Level 2— Observable inputs other than Level 1 prices such as quoted prices for similar assets or liabilities; quoted prices in markets with insufficient volume or infrequent transactions (less active markets); or model-derived valuations in which all significant inputs are observable or can be derived principally from or corroborated by observable market data for substantially the full term of the assets or liabilities. Level 2 assets include certain of our marketable debt instruments with quoted market prices that are traded in less active markets or priced using a quoted market price for similar instruments.
Level 3— Unobservable inputs to the valuation methodology that are significant to the measurement of fair value of assets or liabilities. Level 3 assets consisted of one Massachusetts Educational Financing Authority (“MEFA”) auction rate security, comprising part of a student loan portfolio, with a par value of $5.0 million, a stated maturity date in 2038, and a reset date of March 12, 2010 and certain long-lived assets to be held and used.

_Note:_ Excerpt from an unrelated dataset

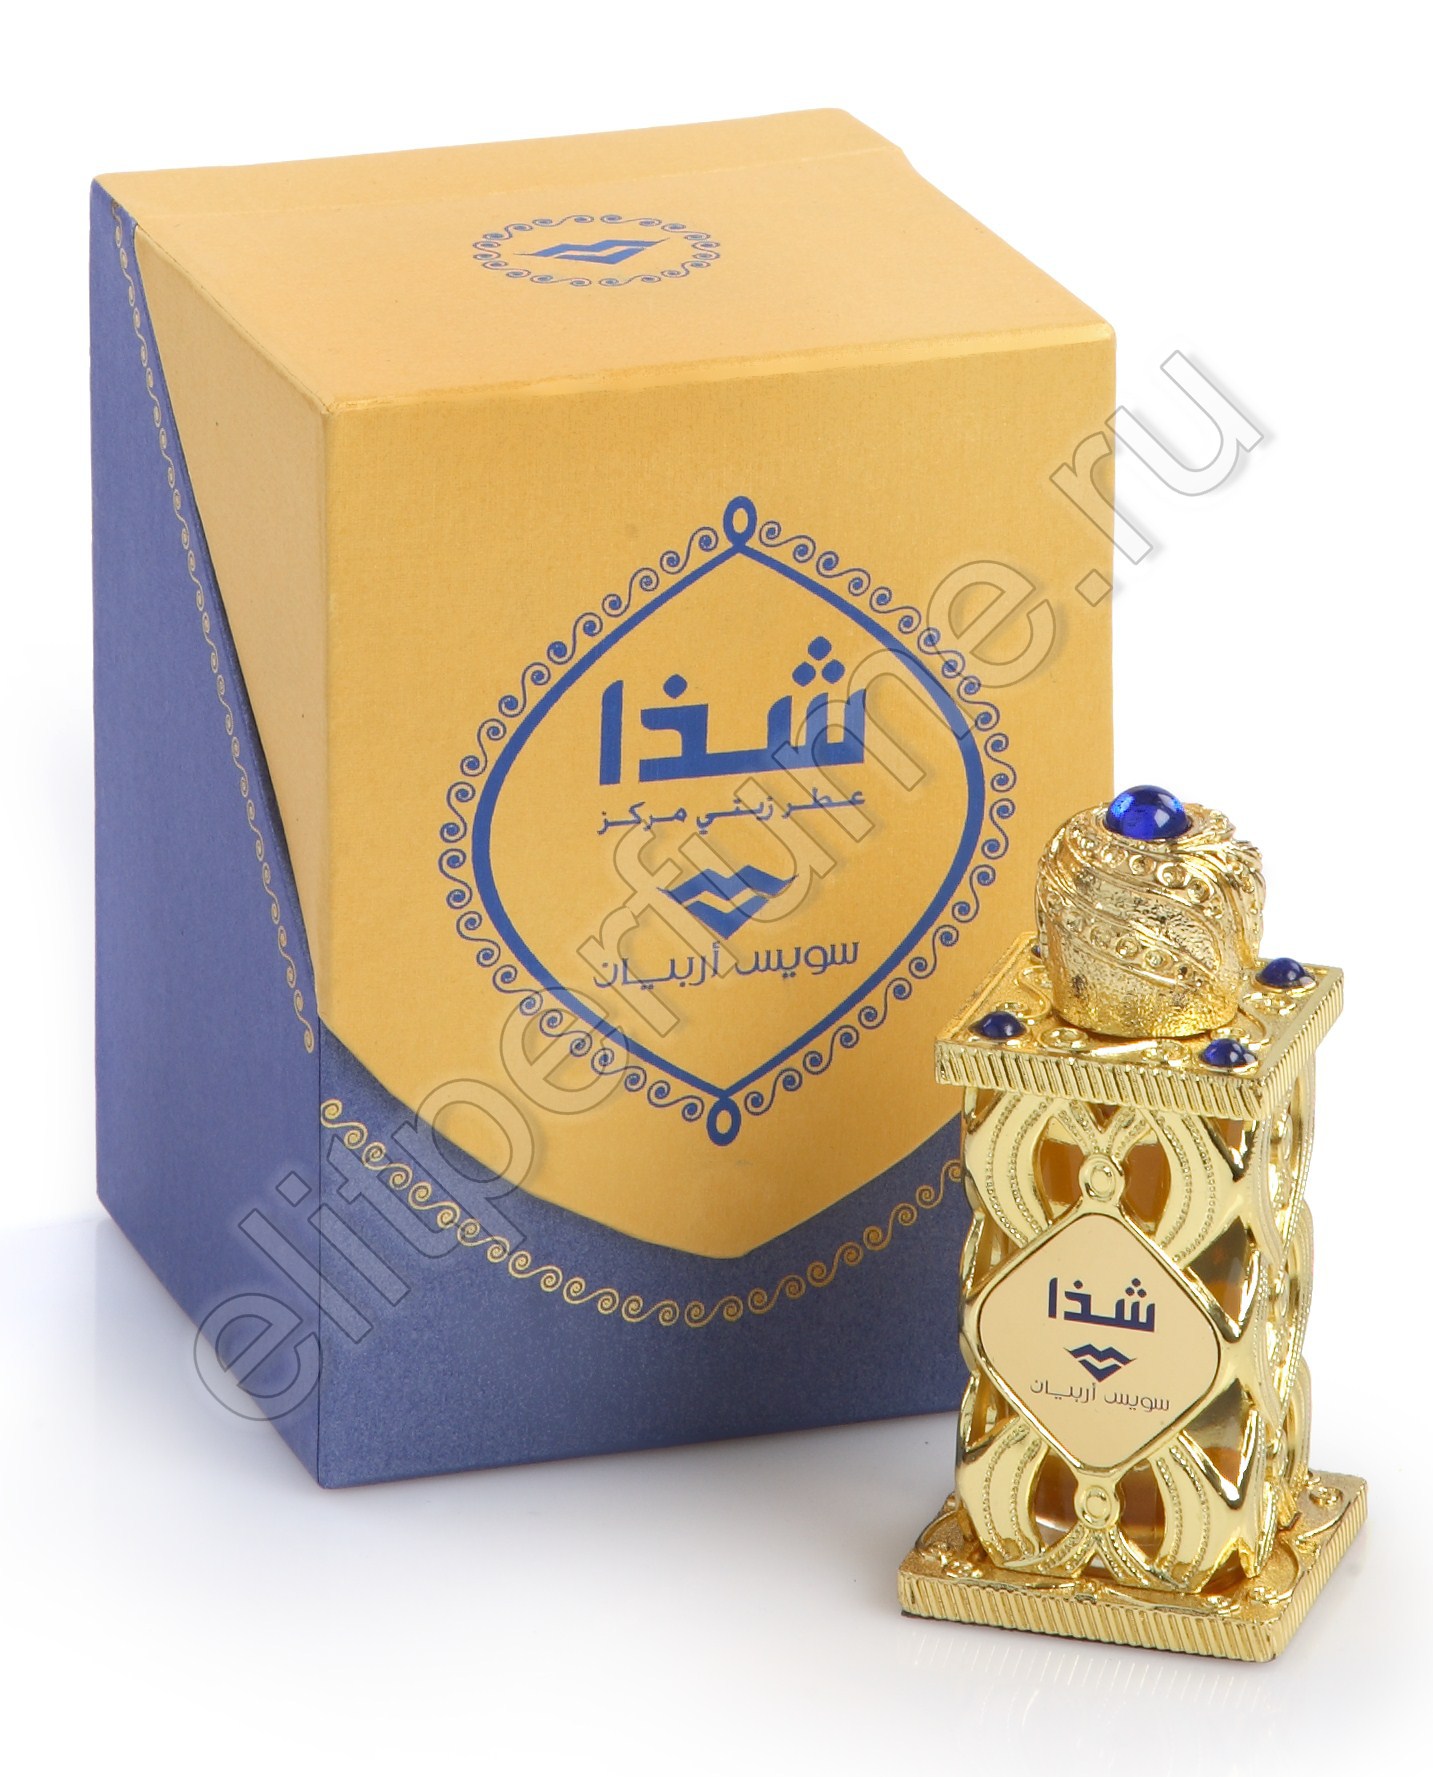 Пробники для арабских духов Шадда Shadha 1 мл арабские масляные духи от Свисс Арабиан Swiss Arabian

In March 2009, the annual auction for the MEFA security failed and the tax-exempt coupon rate of interest was reset to 1.15 percent from its previous rate of 6.55 percent. We will not have access to these funds until a future auction for this auction rate security is successful, the security has been called by the issuer, or until we sell the security in a secondary market. Due to the adoption of the amended recognition and disclosure requirements under ASC 320, we recorded a temporary impairment charge of $2.1 million within the caption “Accumulated other comprehensive income” on the Consolidated Balance Sheets based upon an independent third-party valuation we received for this auction-rate security. The valuation of this security incorporated assumptions about the anticipated term and the yield that a market participant would require to purchase such a security in the current market environment. We have no current intent to sell this security and it is not more likely than not that we will be required to sell the security before anticipated recovery of its remaining amortized cost. See Note 4 for further discussion.
At September 30, 2009 and December 31, 2008, we have included the fair value of this security under the caption “Marketable securities, non-current” in the consolidated balance sheets.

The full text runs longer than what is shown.